They work closely with Eterneva to test for the Carbon in cremated remains at a customer’s request. Eterneva also sent various cremated remains, hair, and aquamation samples to the laboratory for testing. You can see the results below.
There is still 1-4% Carbon in cremated remains. Only about 1 gram of Carbon is needed to grow a diamond, and a 1/2 cup of ashes producing more than enough Carbon to grow a diamond.
More of the Carbon remaining in cremated remains is from the Carbon wrapped up in the Calcium compounds (which helps give your bone strength) in a form called Calcium Carbonate. Carbon may also be found inside the bone as well.
Carbon testing is a very common practice and is used for many different purposes and industries.
The most widely known sort of Carbon testing is the type used for Carbon dating, which is how scientists can determine the age of rocks, fossils, and even Wooly Mammoths found trapped in ice!
However, Total Carbon analysis (‘TC’ for short) is a test used for much more common industries like pharmaceuticals, microelectronics, oil and gas, and even forensics.
Choosing the right type of testing can be very important when it comes to Carbon since some common elemental testing methods cannot detect Carbon at all.
For instance, Atomic Emissions Spectroscopy is very commonly used for analysis of metals. However, the testing procedure typically calls for mixing Carbon graphite with the test sample in order to burn the elements for spectral analysis, therefore making it impossible to test for innate Carbon within the sample itself.
When it comes to Total Carbon analysis, there are methods that scientists have developed to test specifically for both organic and inorganic Carbon. These techniques use an Oxygen rich controlled environment where the sample is combusted (burned) with a quartz heating element.
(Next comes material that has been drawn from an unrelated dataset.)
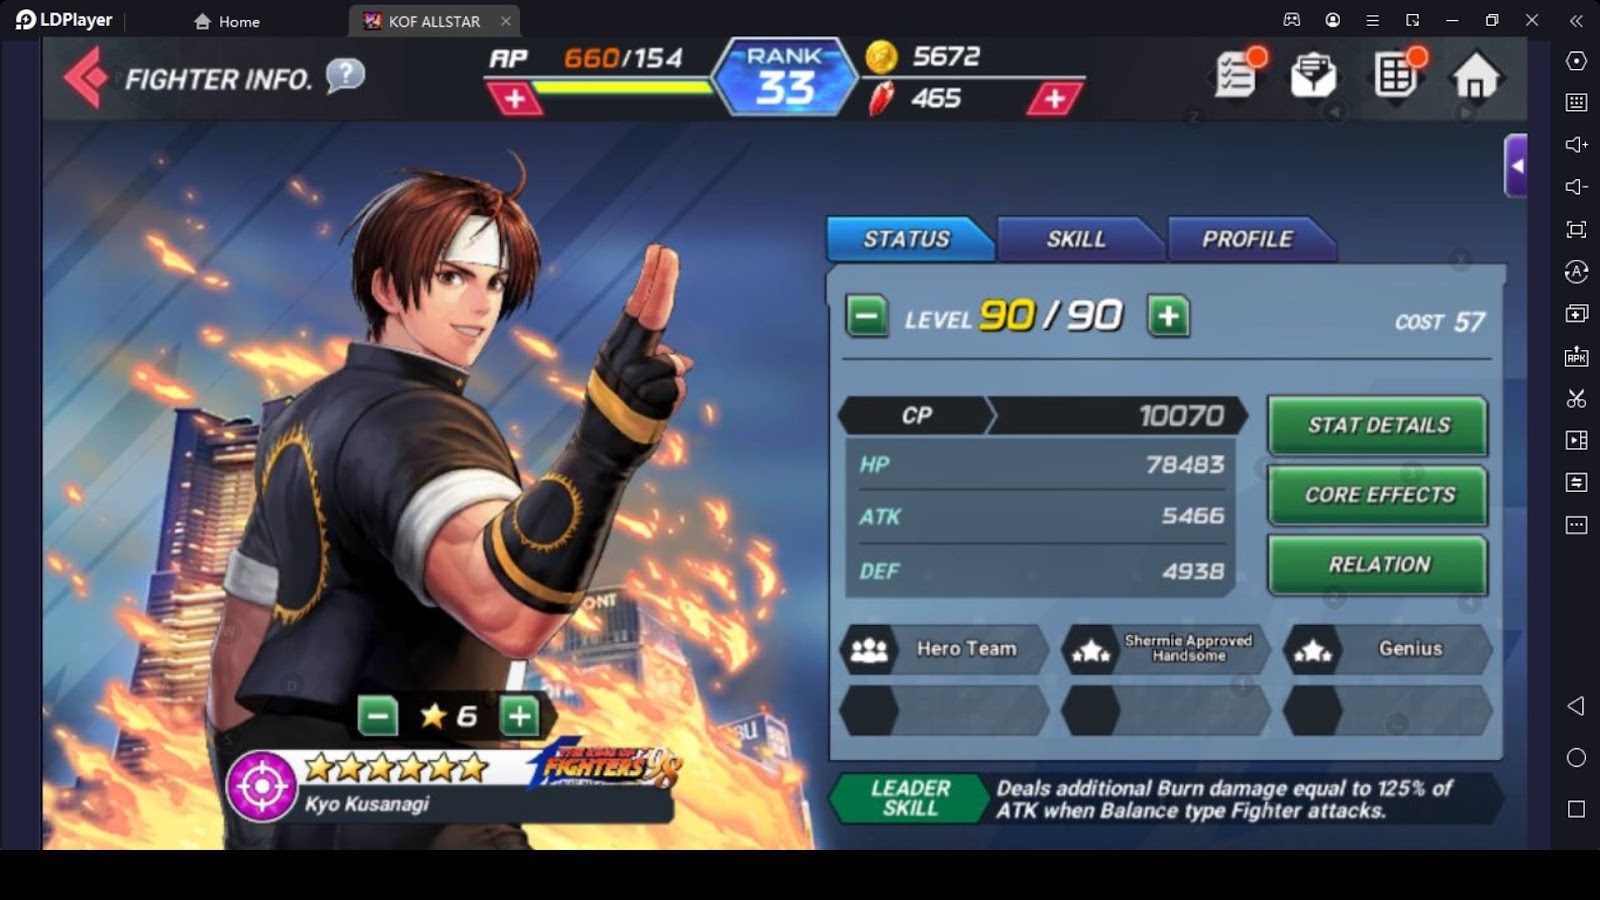 The King of Fighters Beginner Tips to Level up Fast-Game Guides

This allows for testing to proceed without adding any extra fuels, or additives that could contaminate the testing sample. After combustion in the controlled chamber, Carbon combines with Oxygen to create Carbon Dioxide (C02), which is then analyzed with an infrared detector to determine the quantity of Carbon in the sample.
Eterneva has used this technique on samples of cremated ashes, hair, and even aquamation ashes to determine the range of Carbon percentage we can expect from each.
All testing was performed on controlled samples at TDI-Brooks International’s B&B Laboratories Inc. In fact, they pretty much wrote the book on total Carbon testing (Source).
Testing for Total Carbon means testing for the amount of Carbon in the sample in two different basic types of compounds: organic and inorganic.
Add those together and you get (surprise!) Total Carbon, or TC.
The results above are from 2 cremation remains (one from 20 years ago and one from a recent cremation), one hair sample, and one Aquamation sample (eco-friendly cremation). Turns out hair is more than a third Carbon!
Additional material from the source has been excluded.